▶ Supplied records
# # # # #

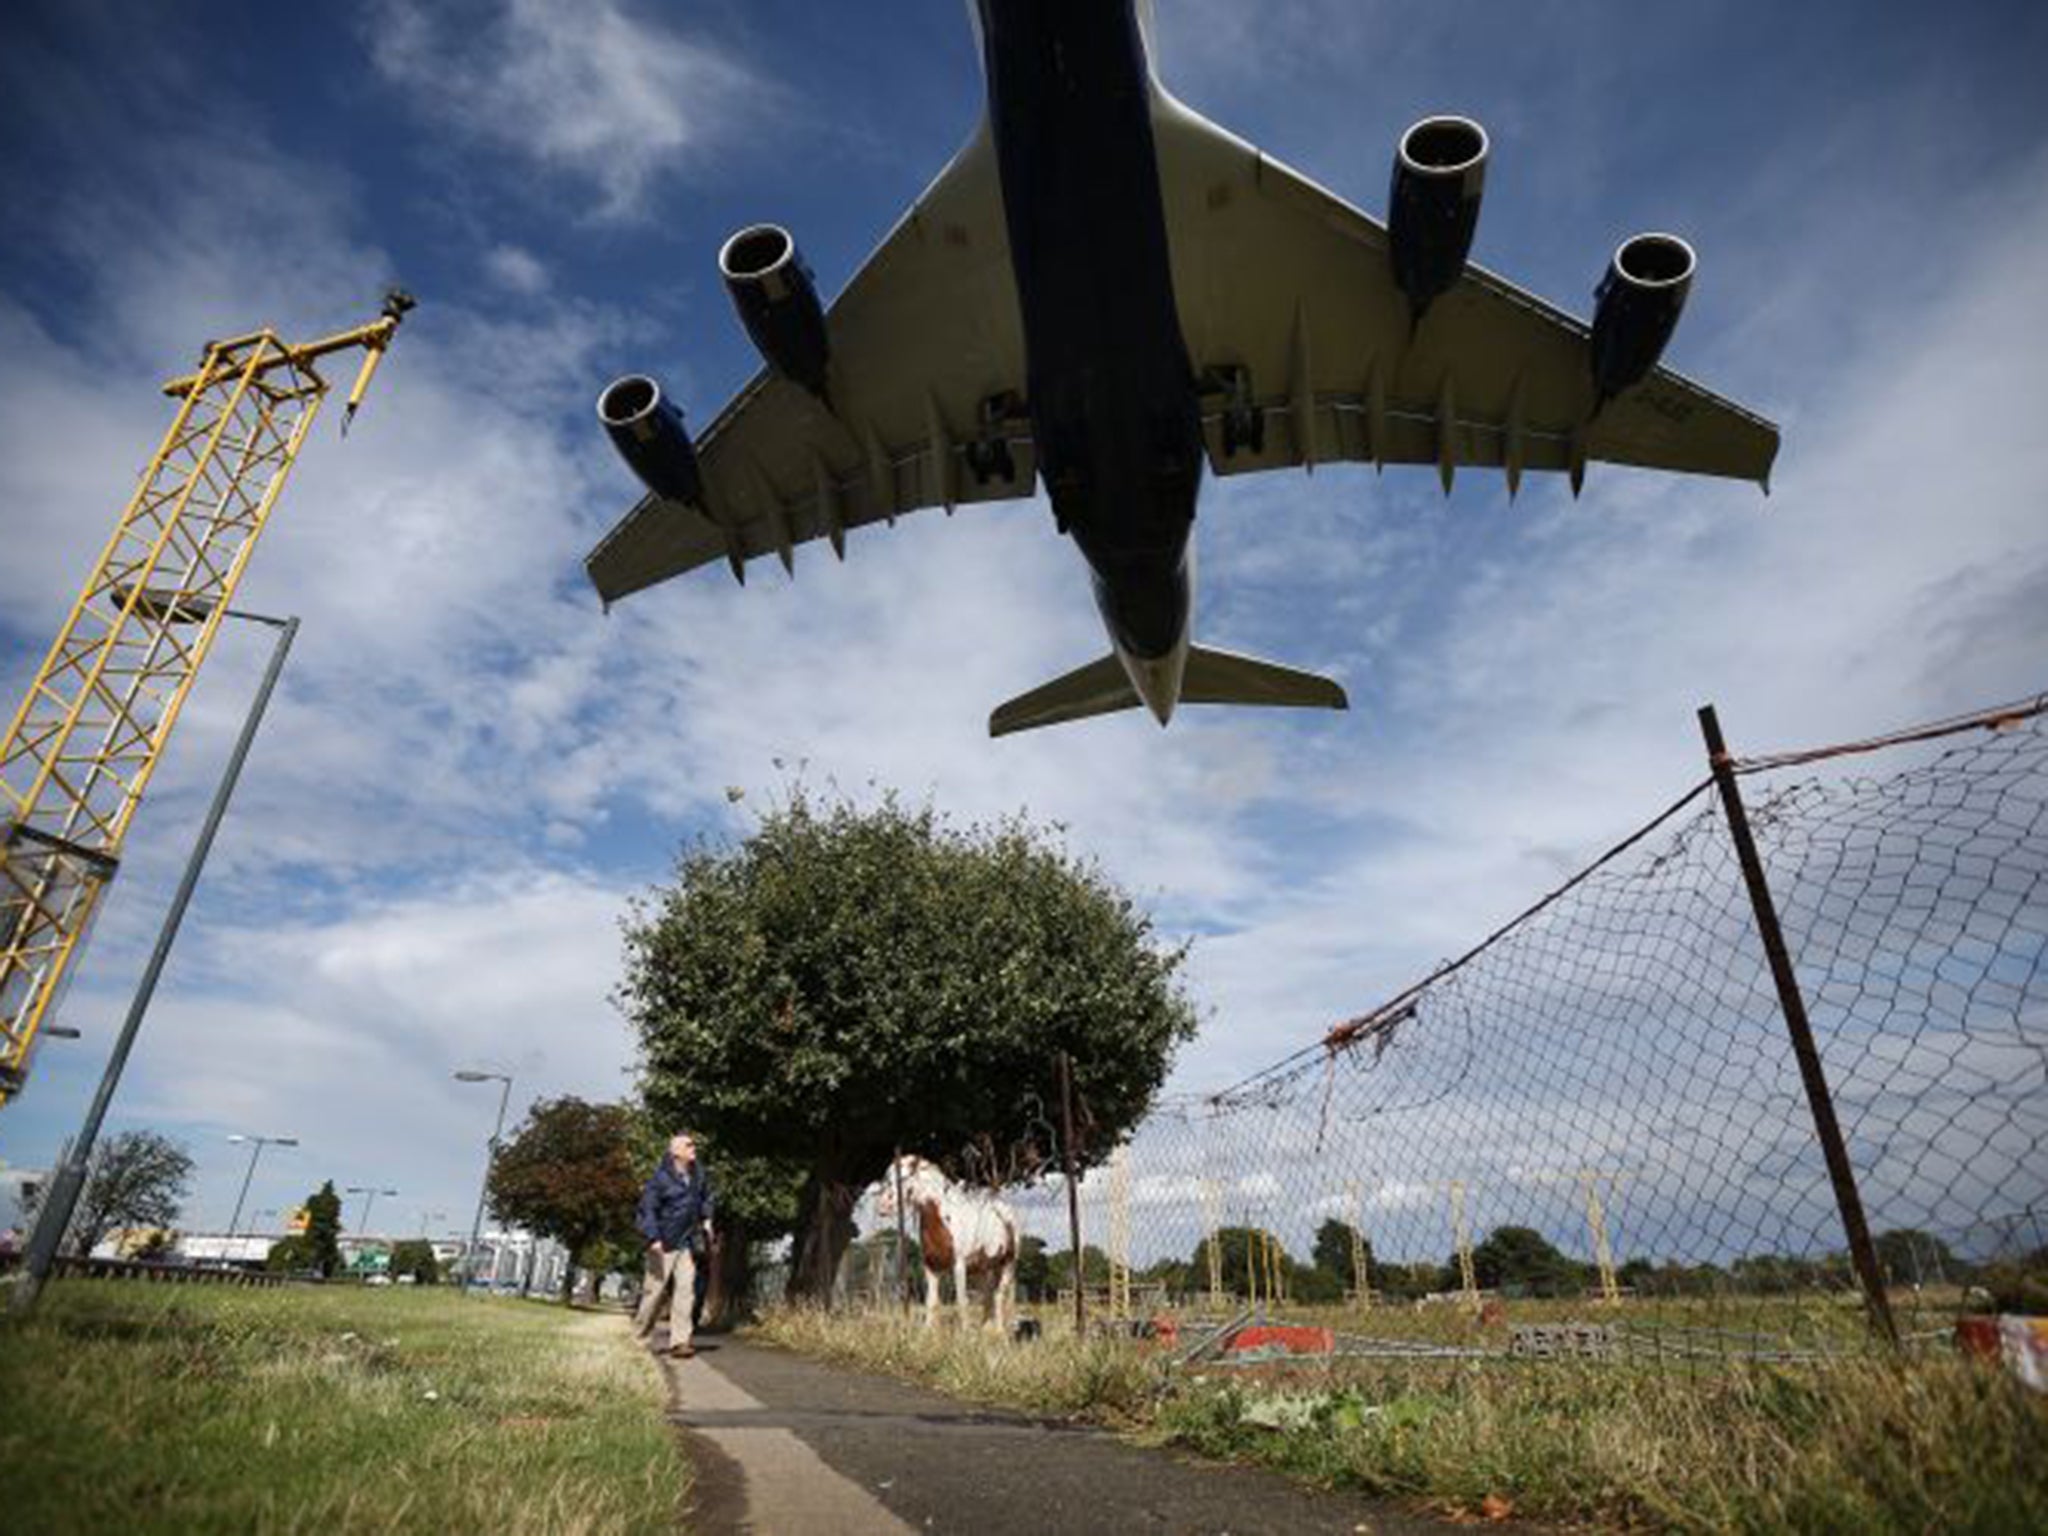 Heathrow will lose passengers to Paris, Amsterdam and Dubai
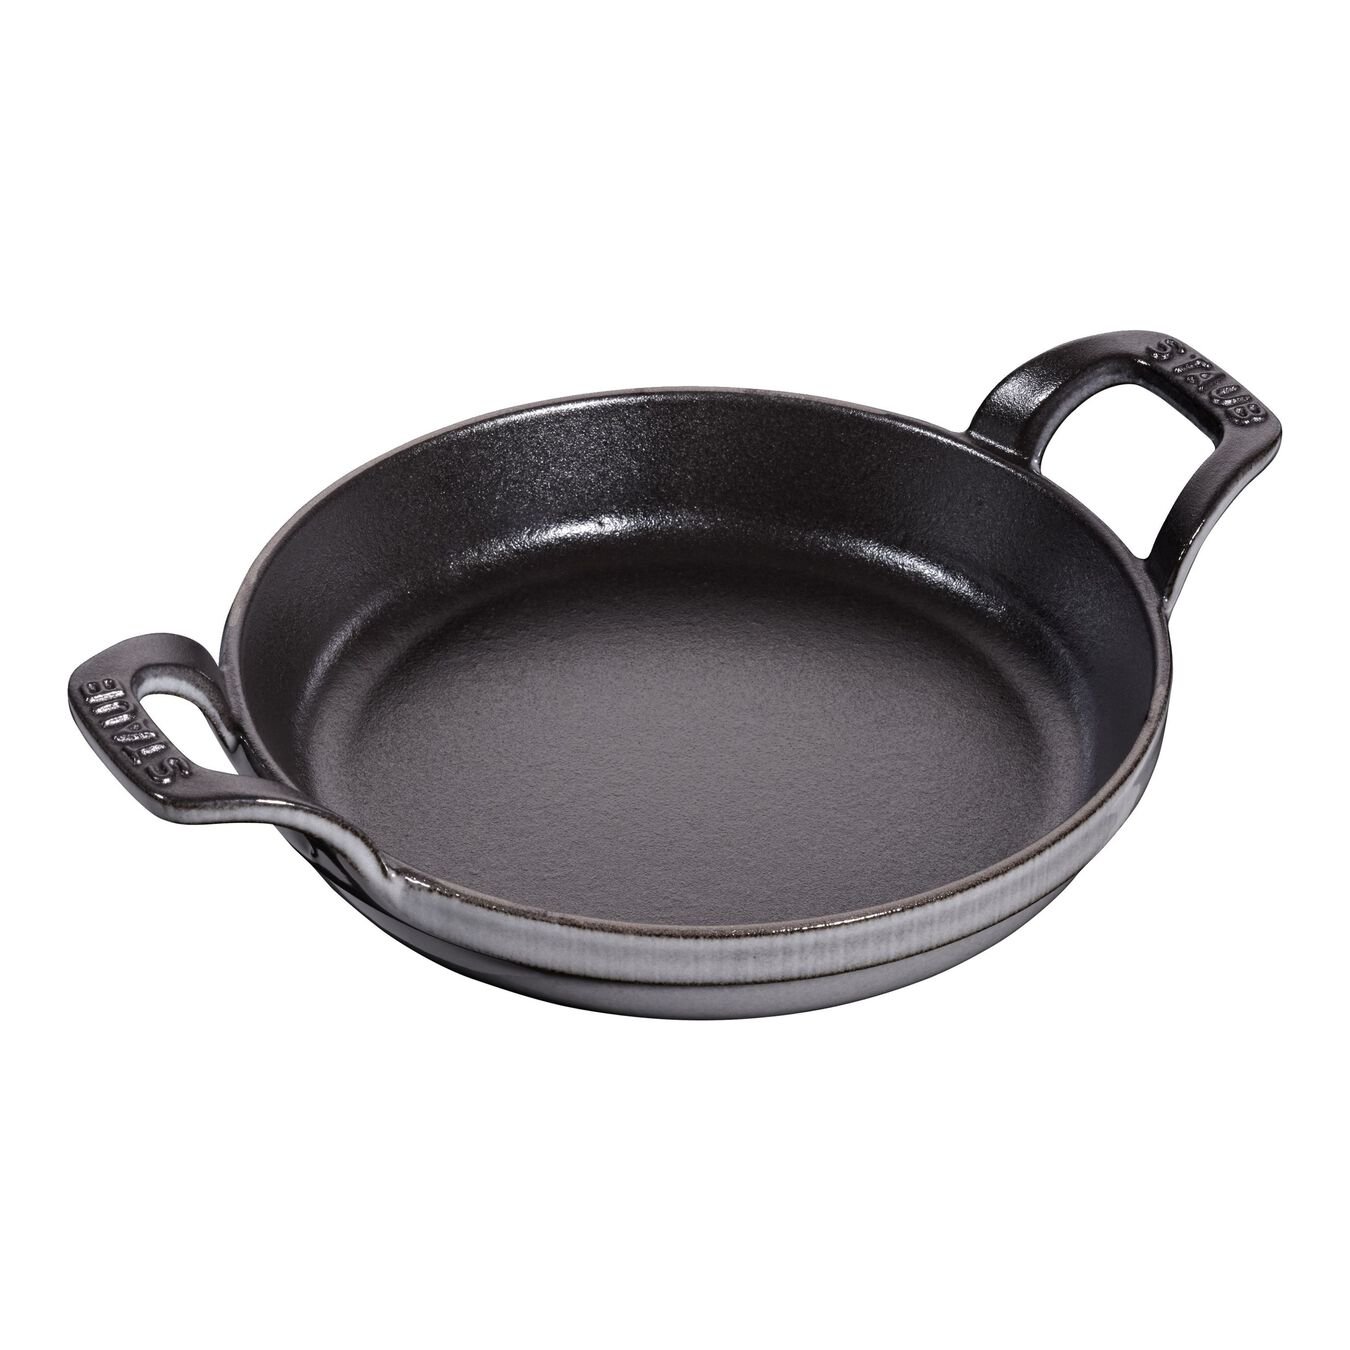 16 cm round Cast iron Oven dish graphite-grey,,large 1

# # # # #

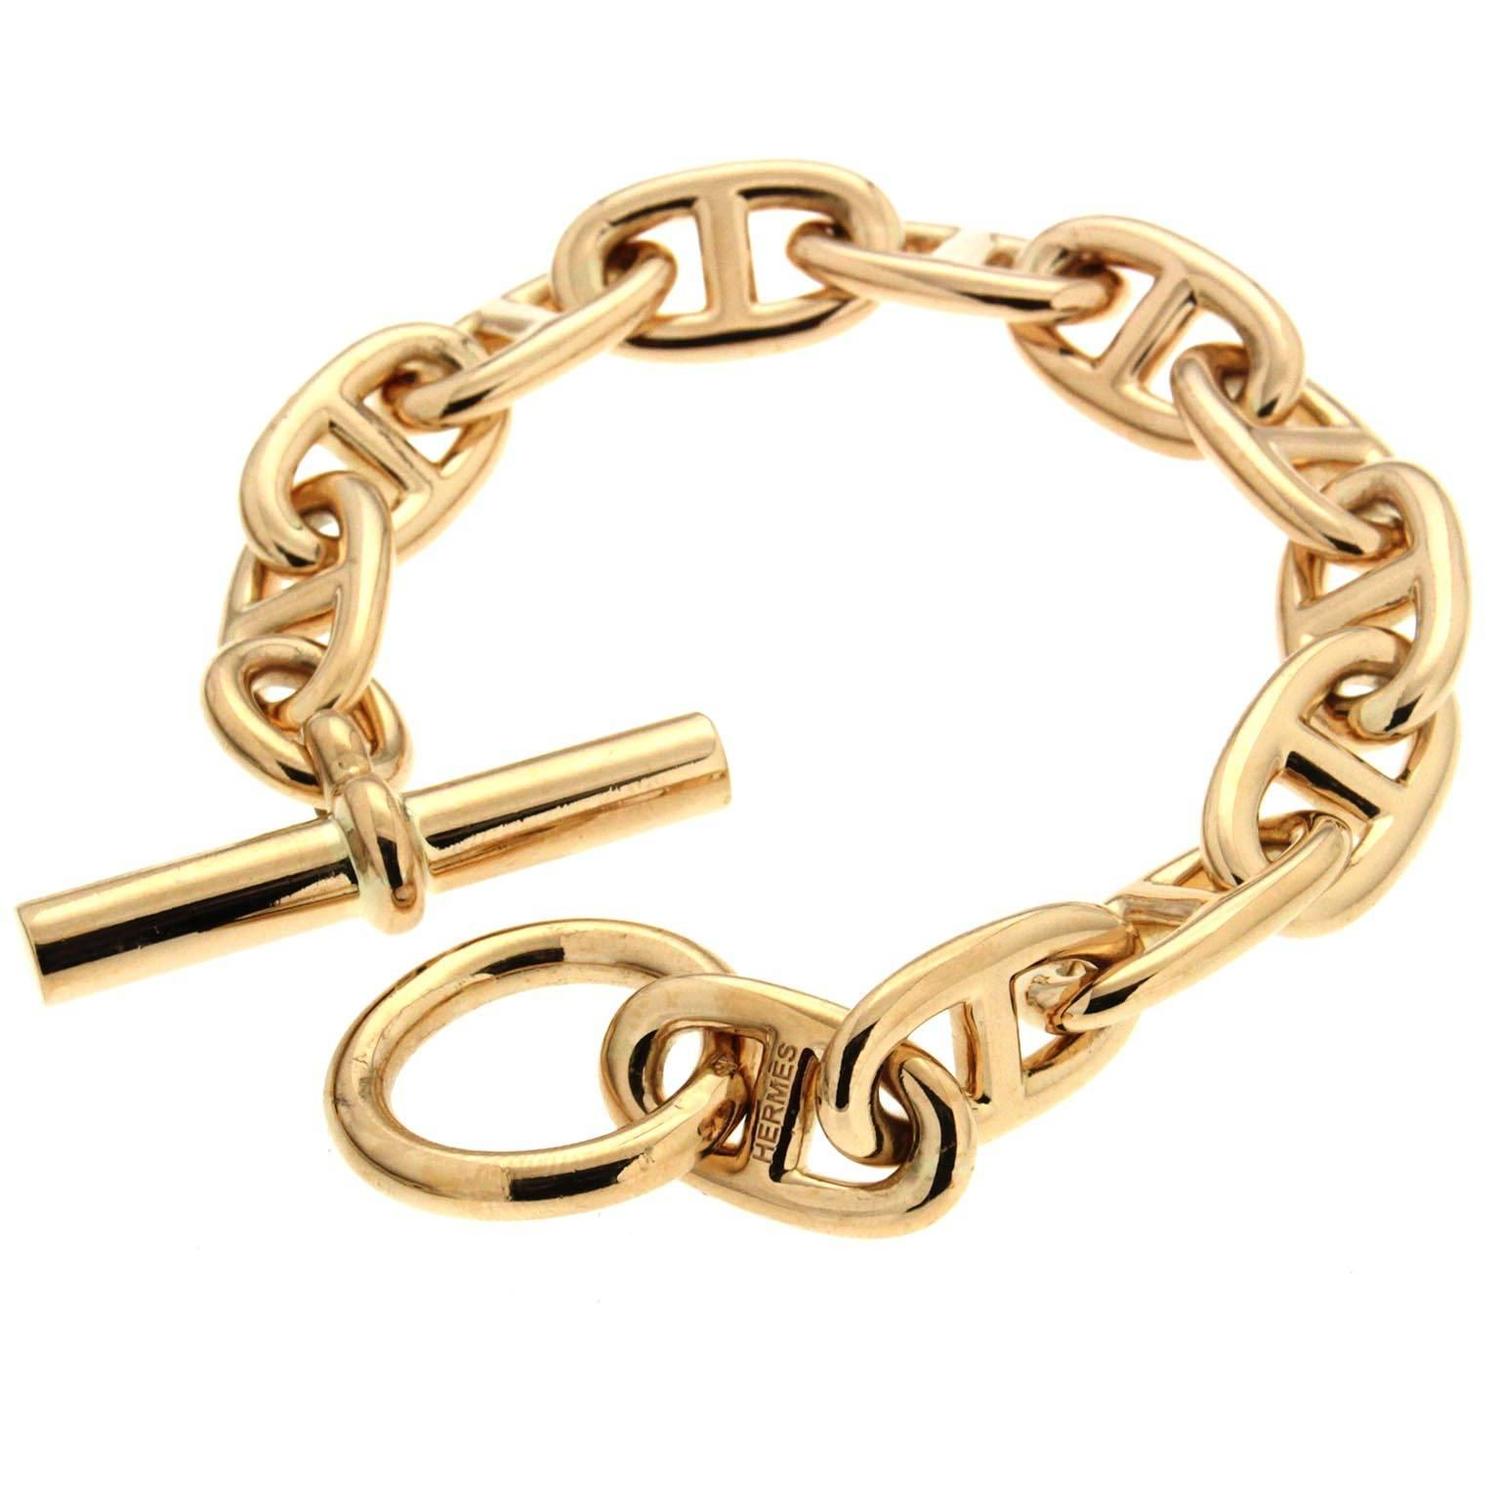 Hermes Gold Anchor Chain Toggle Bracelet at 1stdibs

# # # # #

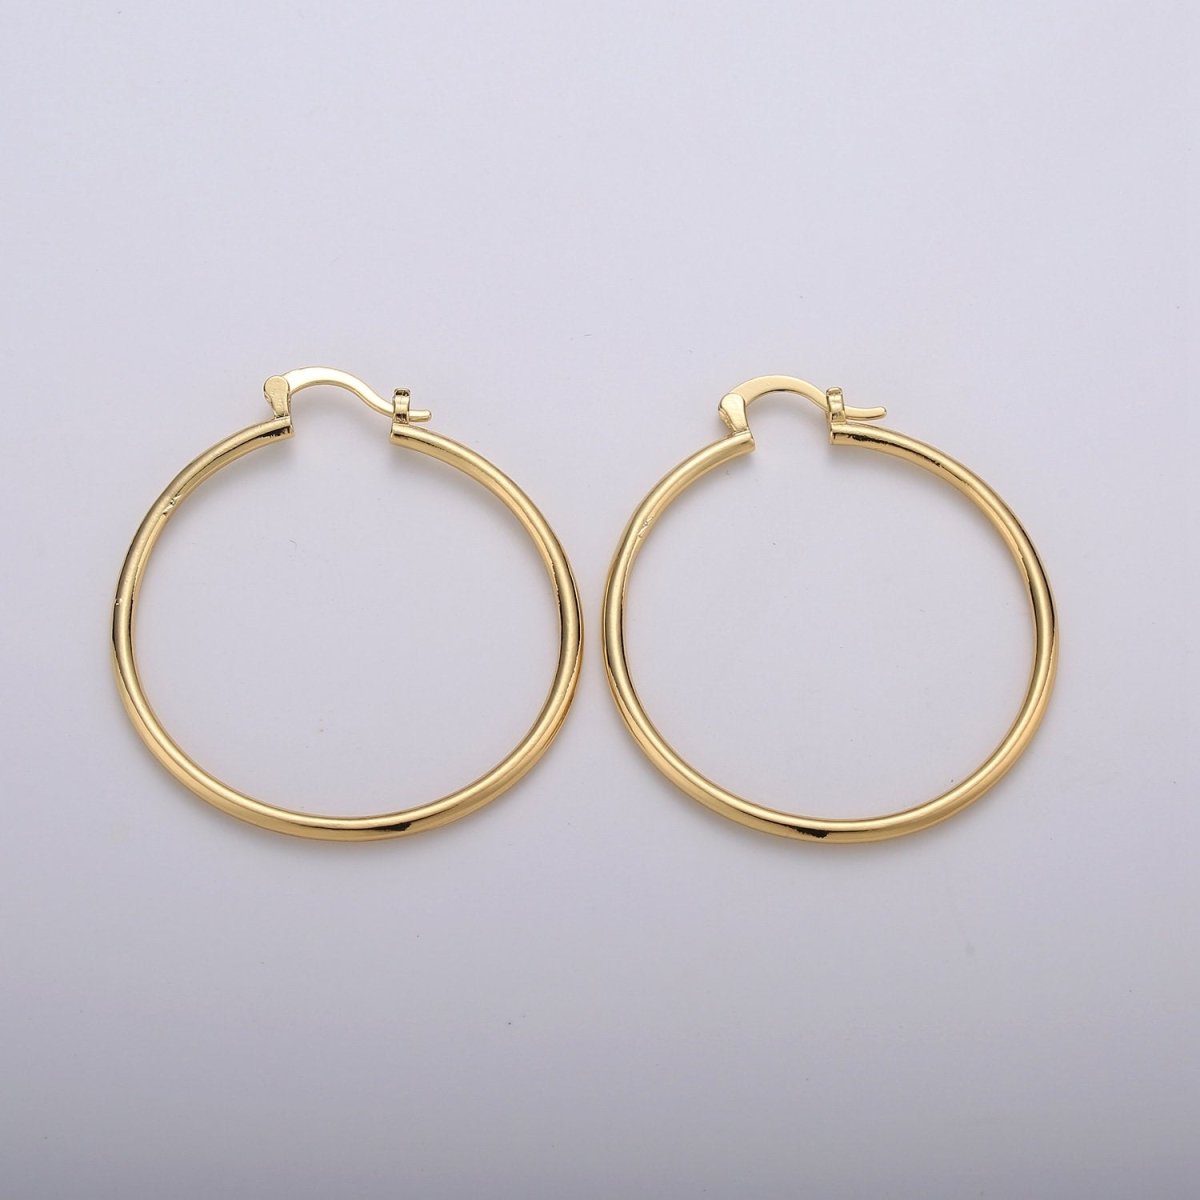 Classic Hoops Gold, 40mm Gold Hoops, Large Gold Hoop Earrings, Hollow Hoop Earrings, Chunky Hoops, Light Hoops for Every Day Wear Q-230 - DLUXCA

# # # # #

▶ What you need to do
Excluding any pictures, print exactly the lines of the listing above from the line with "Heathrow will lose" to the line with "16 cm round", both ends included.

▶ Task solution
 Heathrow will lose passengers to Paris, Amsterdam and Dubai
 16 cm round Cast iron Oven dish graphite-grey,,large 1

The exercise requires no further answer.